Supplementary Tables 5 and 6 show the significant pathways identified by aSPUpath2 with the CMC- and YFS-based weights when applied to the SCZ1 data, respectively. We gave the gene sets in the Supplementary Tables 2 and 3 as the SCZ1- and SCZ2-based significant gene sets. For simplicity, we denote them as the SCZ1 and SCZ2 gene sets, respectively.
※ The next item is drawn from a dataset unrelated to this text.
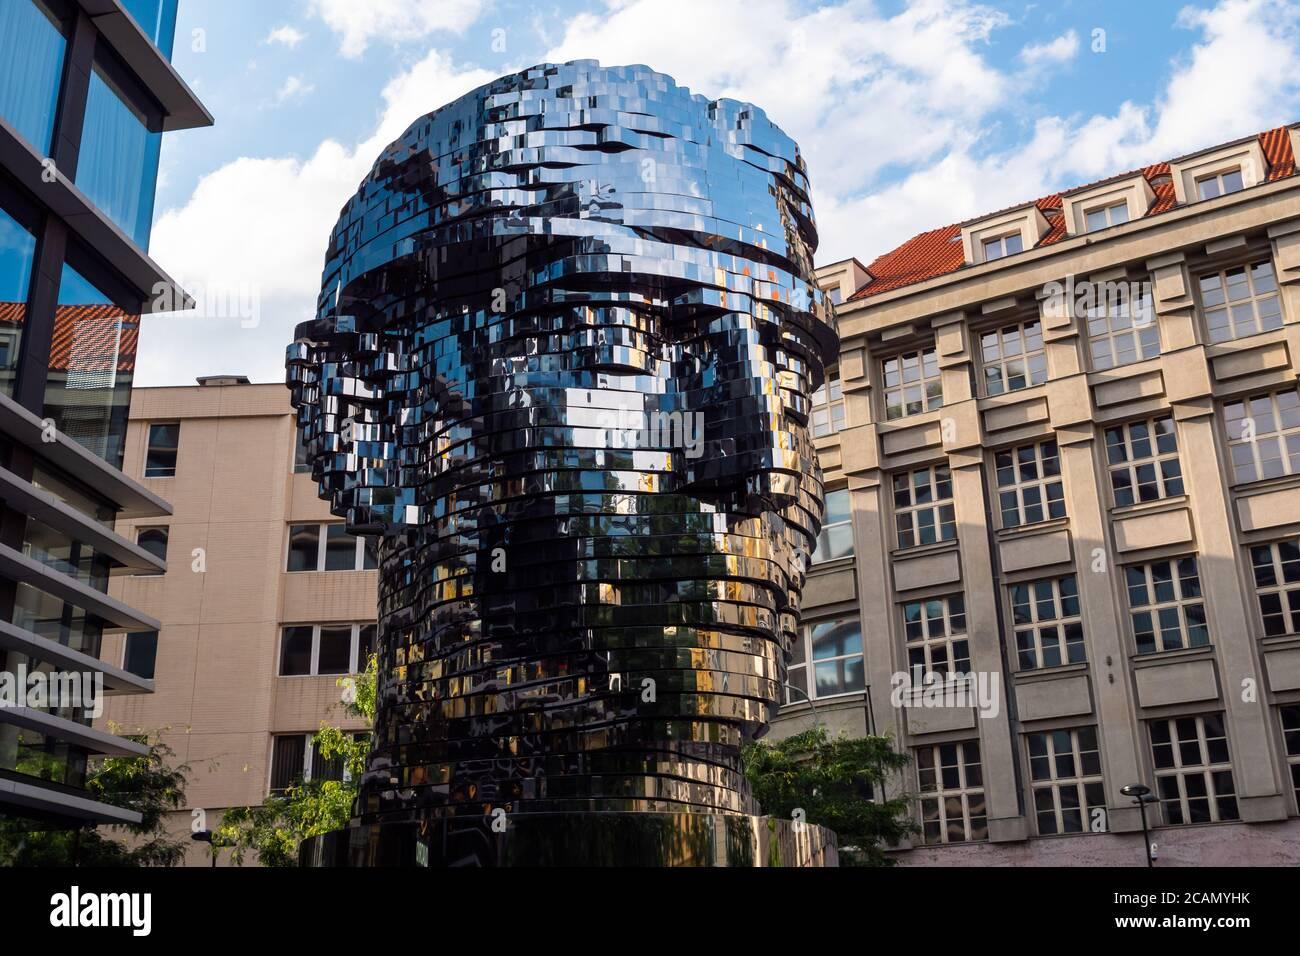 Praga, Repubblica Ceca - Luglio 11 2020: Turning Head of Franz Kafka in Czech Hlava Franze Kafky statue di Davd Cerny Foto Stock
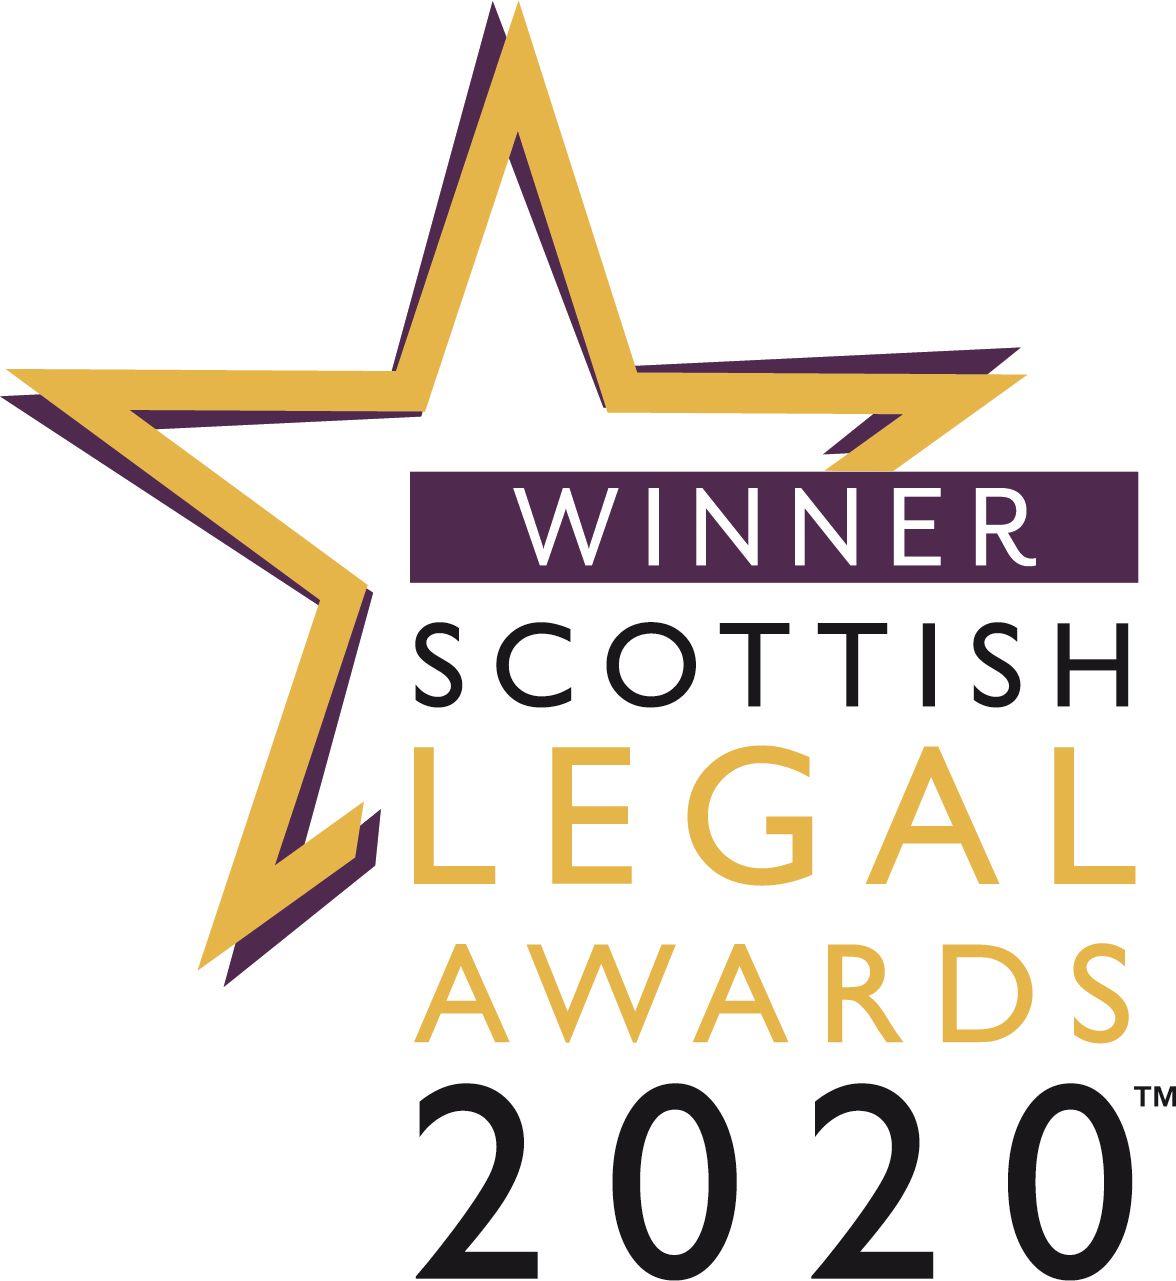 Scottish Legal Awards 2020 winners

Our new method aSPUpath2 with the CMC-based weights identified 33 significant pathways, of which 24 (around 80%) contained the significant genes in the SCZ1 gene set while 31 (around 94%) contained the significant ones in the SCZ2 gene set. In particular, aSPUpath2 with the CMC-based weights identified six significant pathways that contained at least one significant gene in the SCZ2 gene set but no significant genes in the SCZ1 gene set, such as pathways synapse organization (GO:0050808, p-value = 1.14×10−6), response to transforming growth factor beta (GO:0071559, p-value = 1.83 × 10−6), transforming growth factor beta receptor signaling pathway (GO:0007179, p-value = 4.28×10−6), and positive regulation of transforming growth factor beta production (GO:0071636, p-value = 5.65 × 10−6). There exist some biological findings partially supporting these identified pathways that would be otherwise missed by gene-based analysis. Multiple members of transforming growth factor (TGF) beta superfamily play some roles in the developing nervous system (Kapelski et al., 2016). Alteration in TGF-β1 expression has been observed in SCZ patients (Kim et al., 2004). Synapse is an important component in the nervous system and SCZ patients were found to have enriched mutations in the genes belonging to the postsynaptic density at glutamatergic synapses (Hall et al., 2015). In contrast, aSPUpath2 with the YFS-based weights identified 19 significant pathways, all of which contained at least one significant gene in both the SCZ1 and SCZ2 gene sets. Perhaps due to that the CMC-based gene expression was measured from the brain tissue and were more closely related to SCZ, while the YFS-based ones from the blood, the CMC-based weights were more informative. Overall, it was confirmed that pathway-based analysis is useful as a complementary tool to gene-based analysis, offering insights into the genetic basis of complex traits.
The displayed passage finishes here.